[DATASET RECORDS]

/---

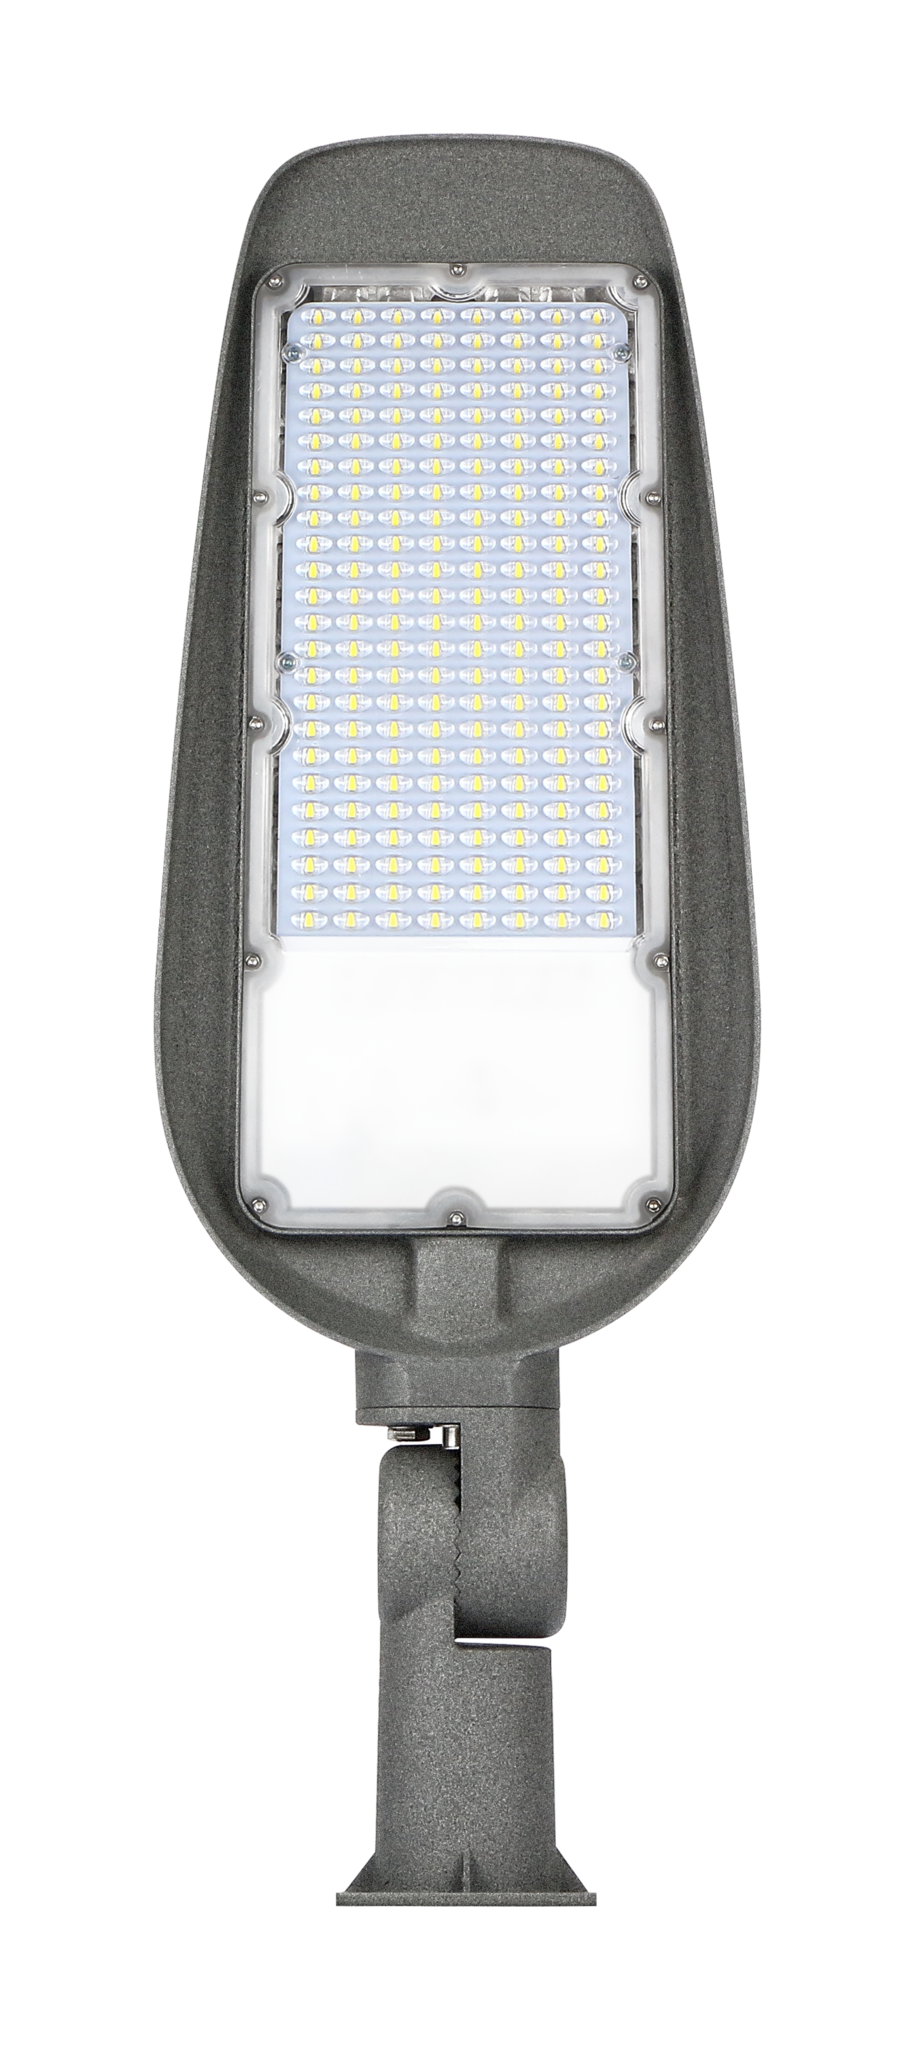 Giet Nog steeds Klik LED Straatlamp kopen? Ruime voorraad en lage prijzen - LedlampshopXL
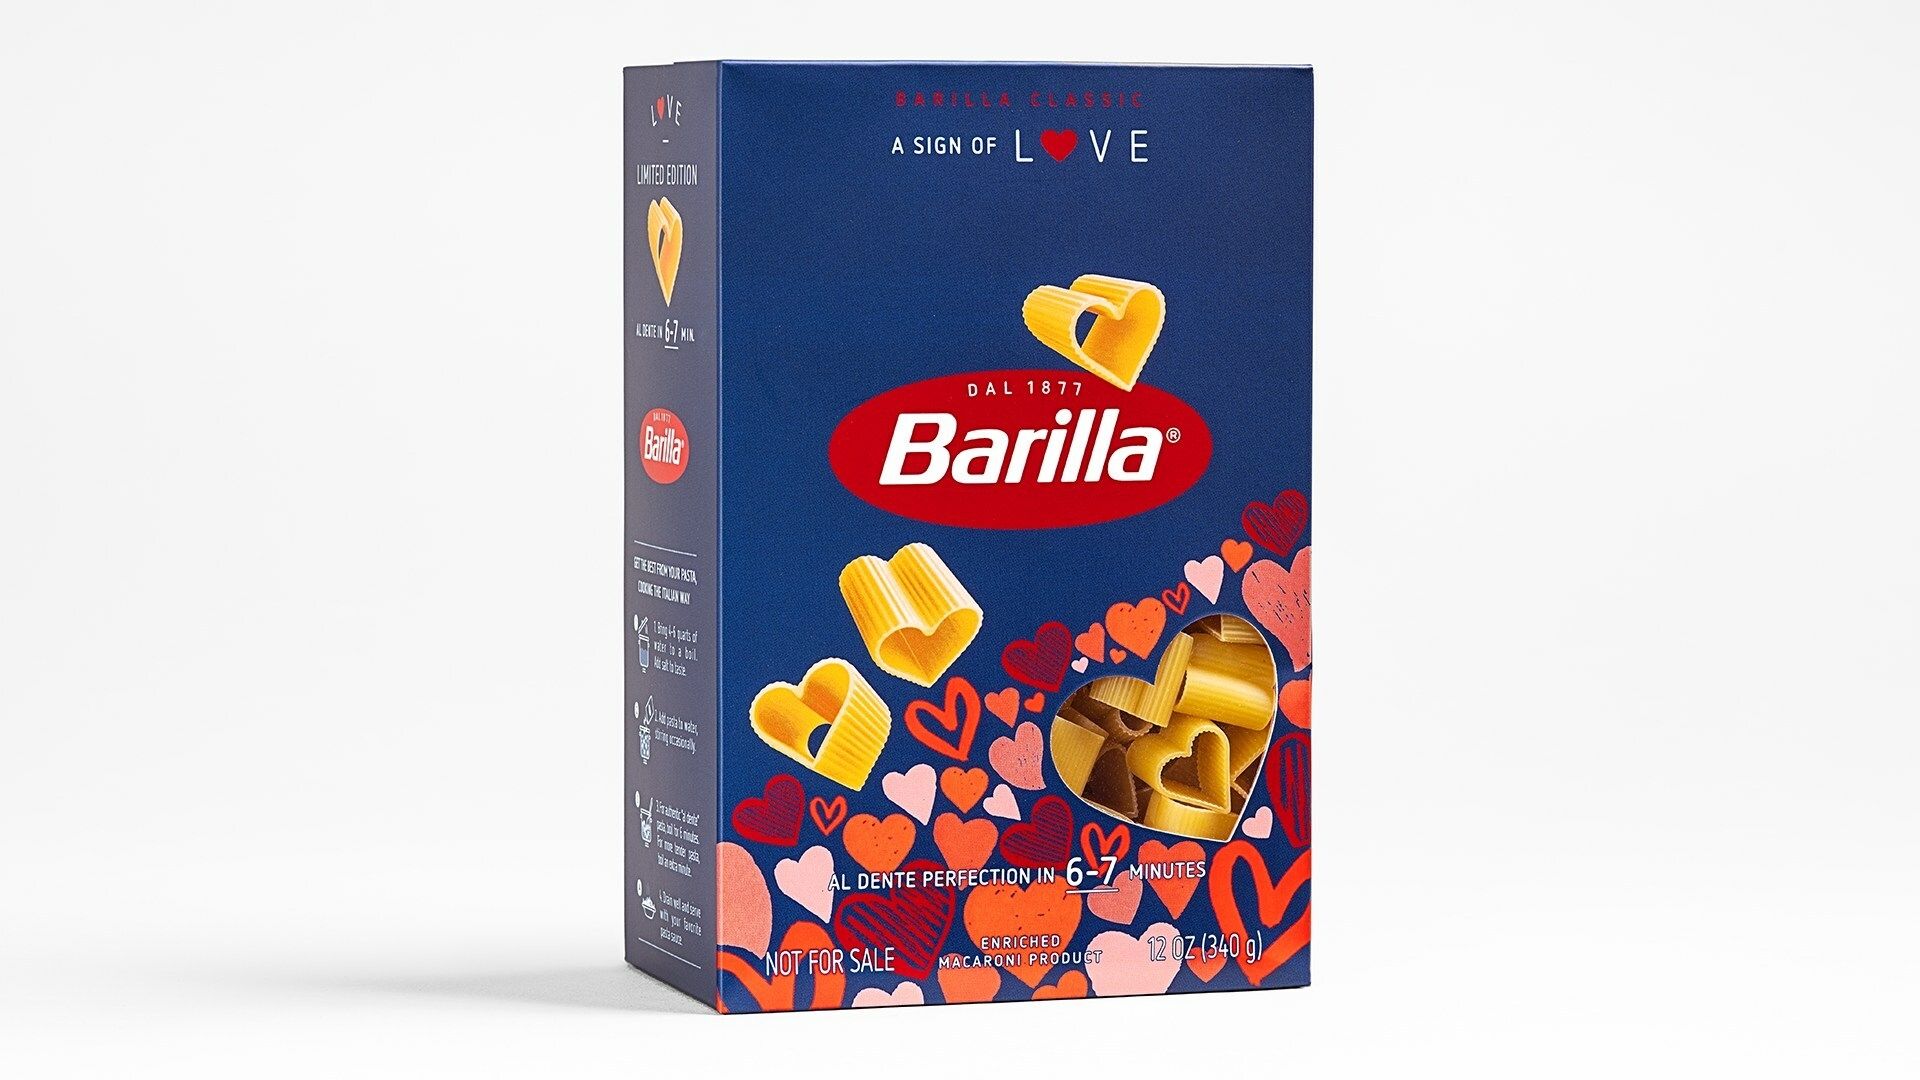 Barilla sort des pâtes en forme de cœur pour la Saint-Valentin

\---
/---

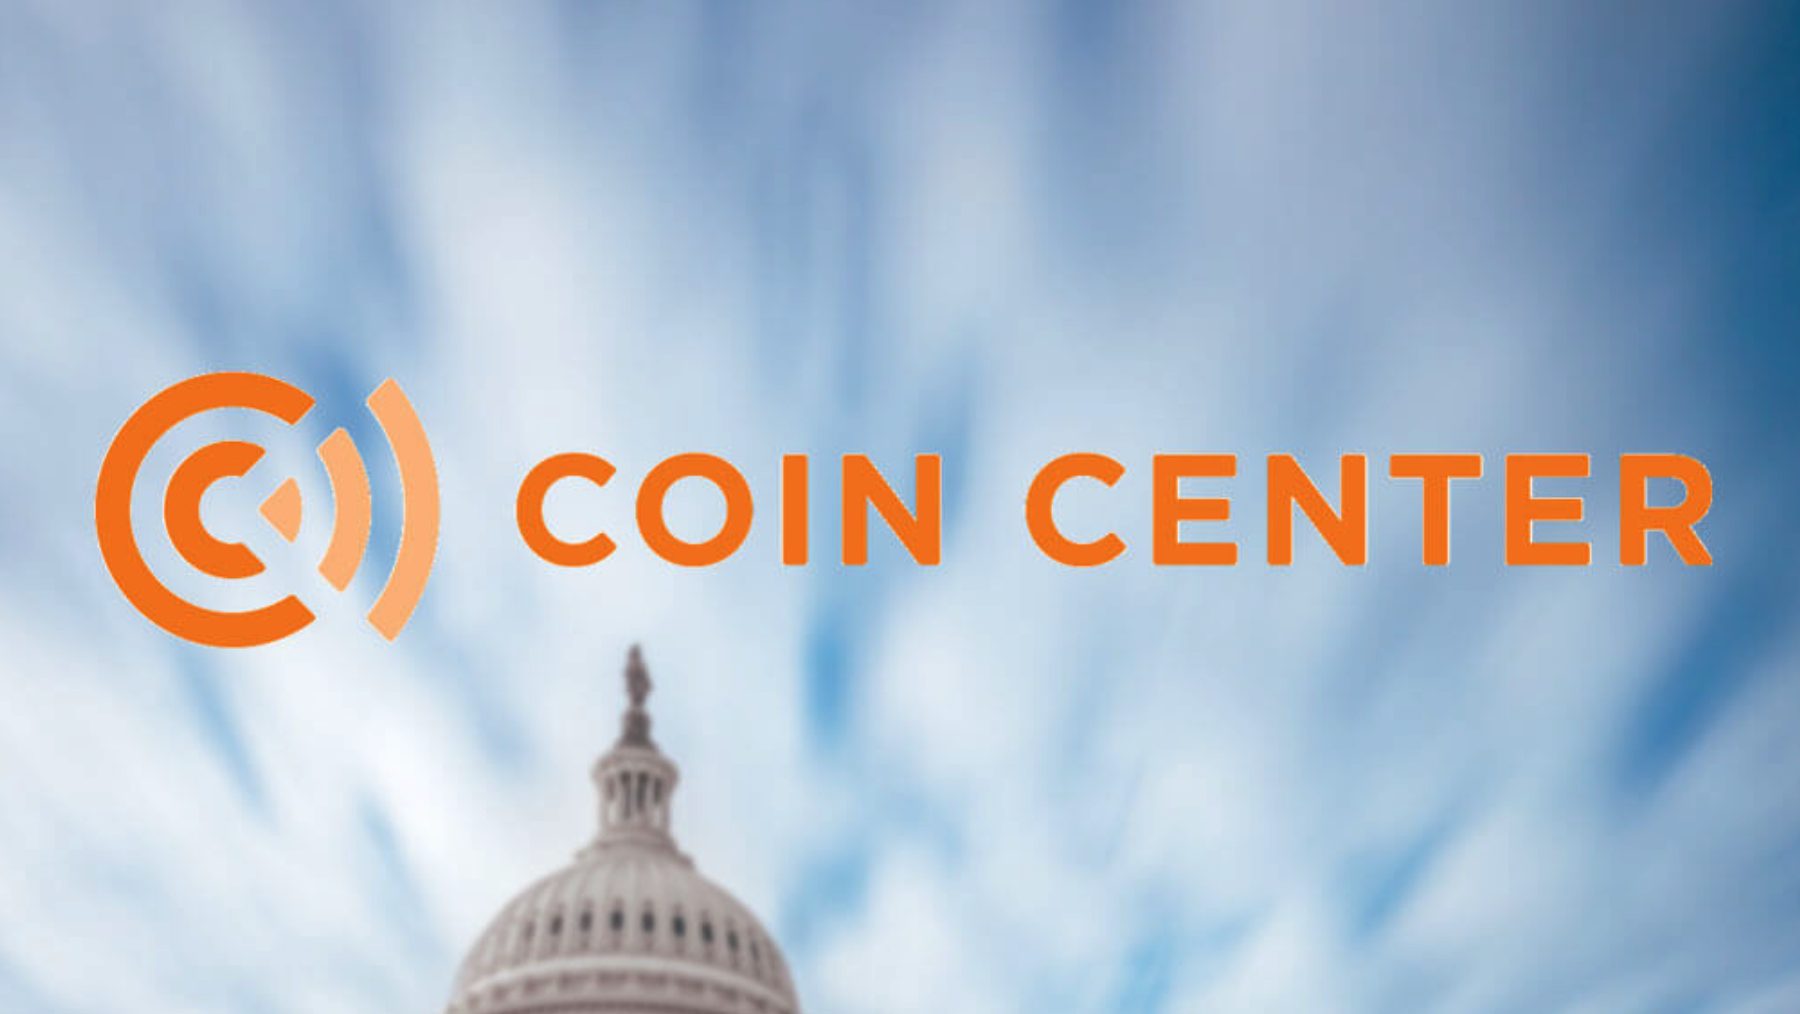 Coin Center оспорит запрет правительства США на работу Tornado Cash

\---
/---

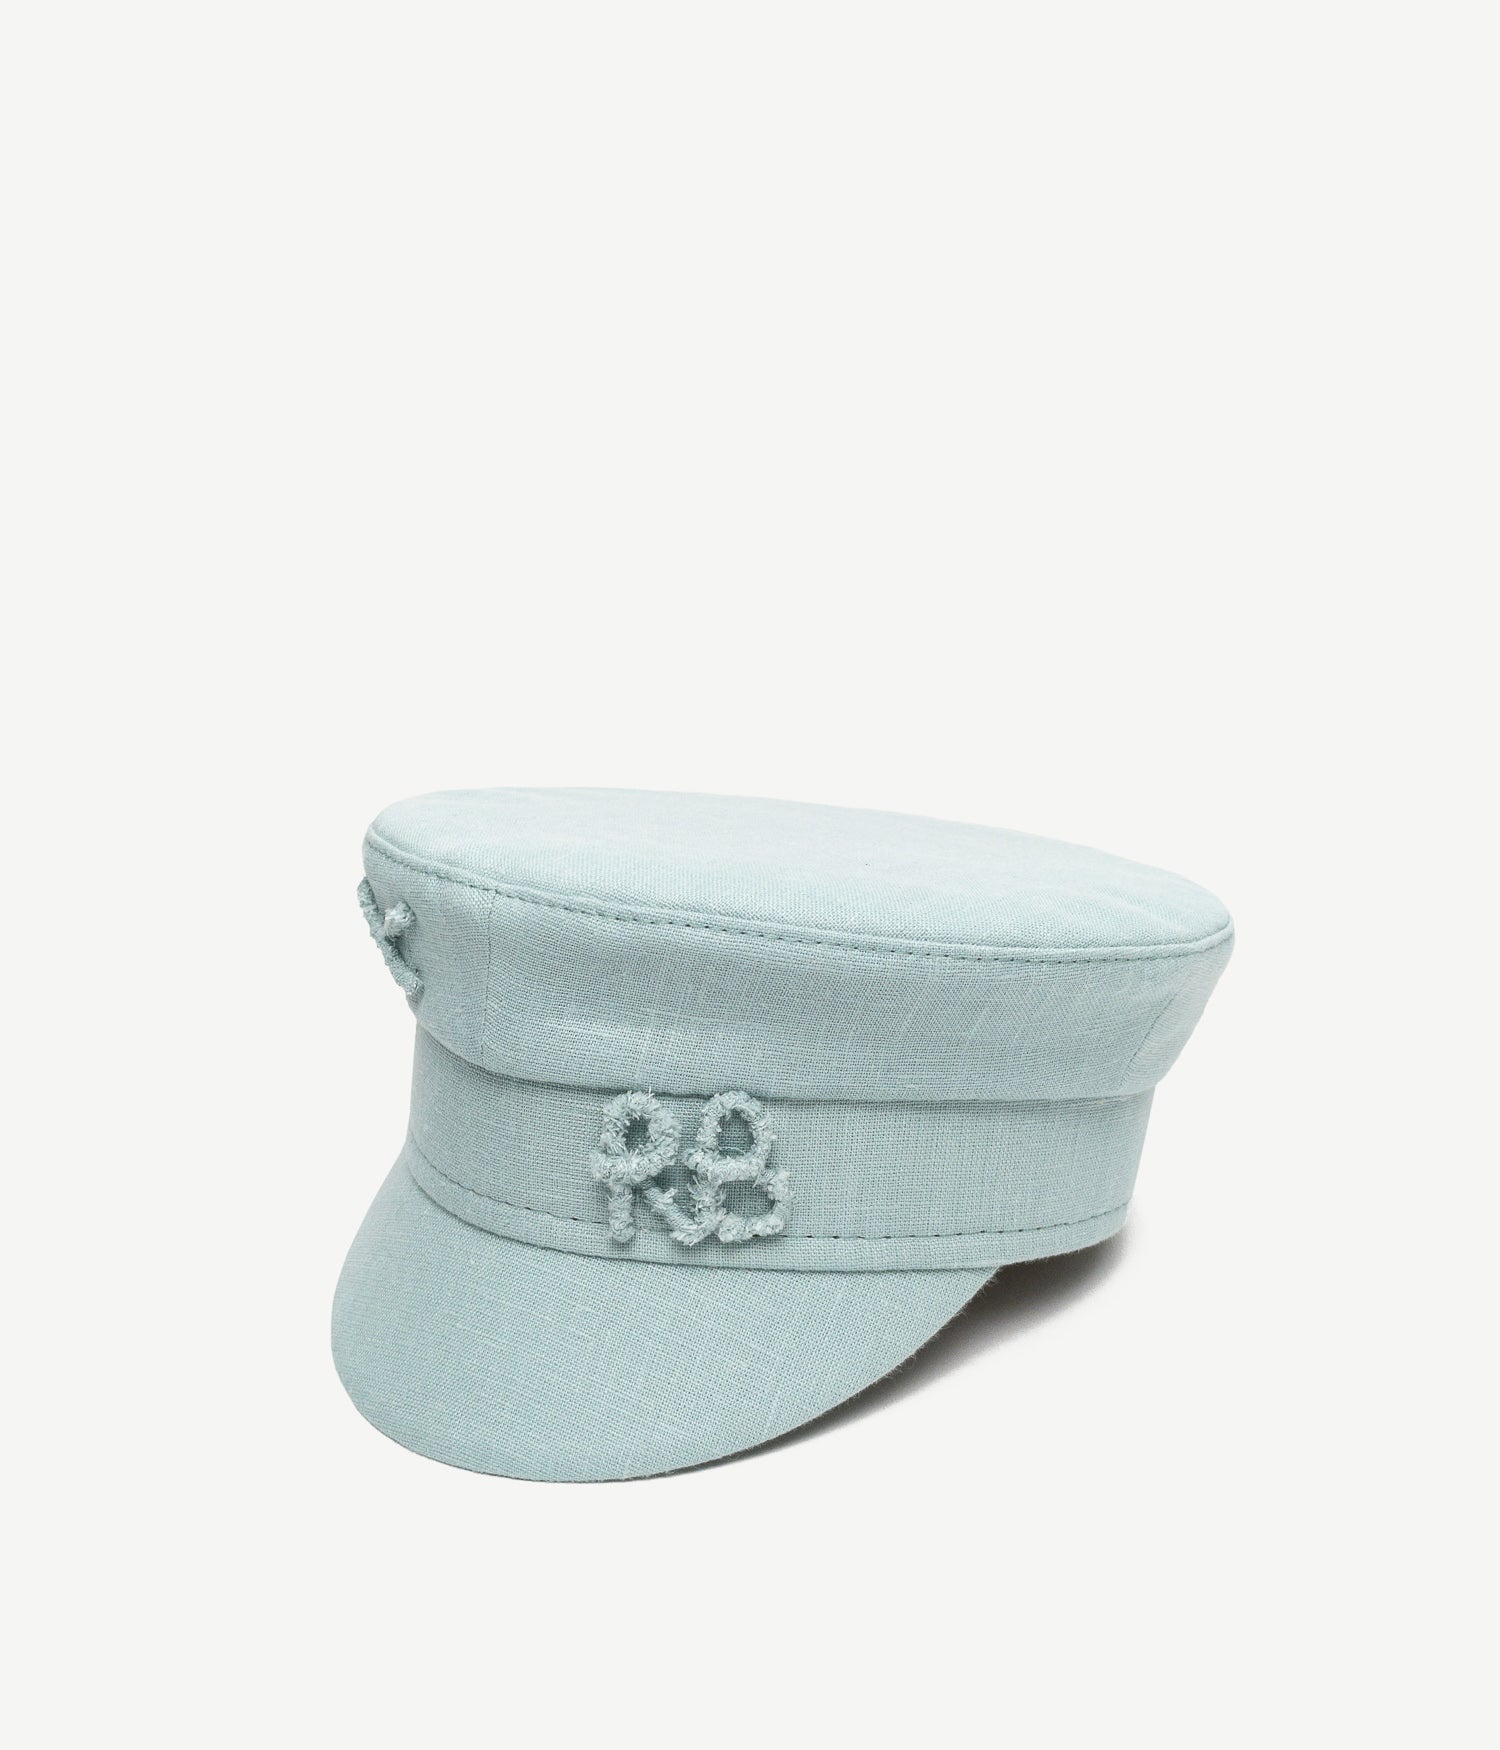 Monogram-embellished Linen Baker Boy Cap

\---

[TASK BRIEF] Pictures excluded, transcribe the listing above exactly from the line with "Giet Nog steeds" through the line with "Barilla sort des", and no further.

[SOLUTION TO THIS TASK]
 Giet Nog steeds Klik LED Straatlamp kopen? Ruime voorraad en lage prijzen - LedlampshopXL
 Barilla sort des pâtes en forme de cœur pour la Saint-Valentin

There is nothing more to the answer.